The Structural Ceramics Database also uses another popular but imprecisely defined term, structure type, for a special purpose. In this database, the structure type specification is used to describe the bulk material as being a single crystal, a polycrystalline material, a noncrystalline (glassy) material, or a mixed material consisting of substantial crystalline and noncrystalline regions. This specification is important, for example, for understanding the anisotropy of certain material properties.

IV. REFERENCES

1. R. G. Munro and C. R. Hubbard, "Property Database for Gas-Fired Applications of Ceramics," American Ceramic Society Bulletin, Vol. 68, pp. 2084-2090 (1989).

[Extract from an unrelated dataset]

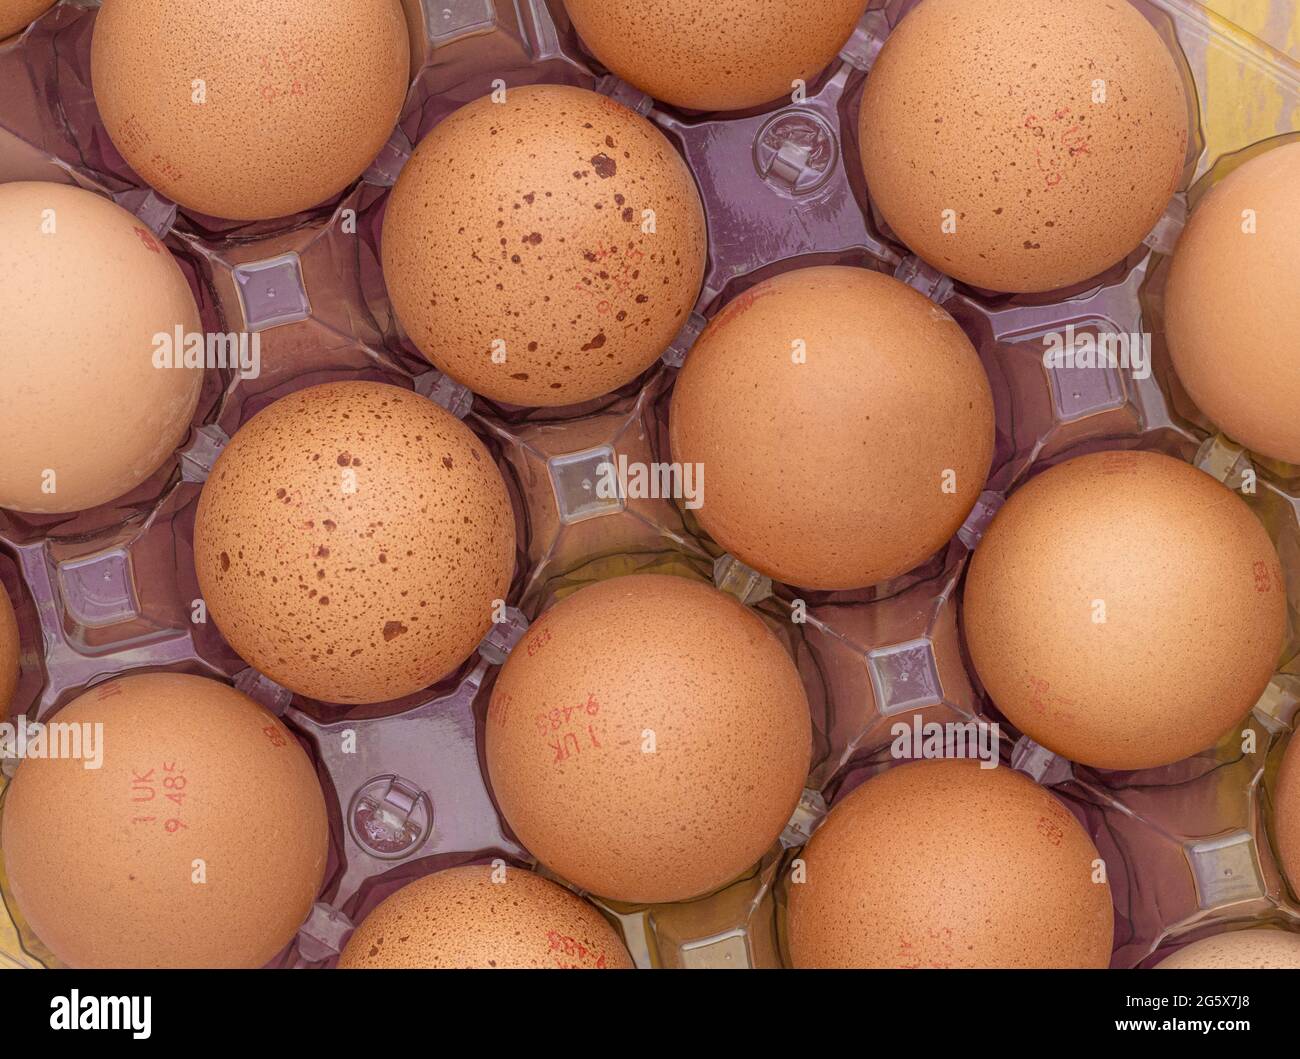 Plan view of brown eggs in a clear plastic carton on a pink and yellow wooden background. Stock Photo

2. S. J. Dapkunas, "Ceramic Heat Exchangers," American Ceramic Society Bulletin, Vol. 67, pp. 388-391(1988).
3. V. K. Pujari, D. M. Tracey, M. R. Foley, N. I. Paille, P. J. Pelletier, L. C. Sales, C. A. Willkens and R. L. Yeckley, "Reliable Ceramics for Advanced Heat Engines," American Ceramic Society Bulletin, Vol. 74, No. 4, pp. 86-90 (1995).
4. S. Yang and R. F. Gibson, "Structural Ceramics for Engine Components," Ceramic Industry, Vol. 145, No. 5, pp. 117-121 (1995).
5. L. M. Sheppard, "Challenges Continue for U.S. Advanced Ceramics," Ceramic Industry, Vol. 142, No. 5, pp. 36-39 (1994).
6. Anonymous, "Advanced Ceramics on the Upswing," Ceramic Industry, Vol. 146, No. 9, pp. 37-39 (1996).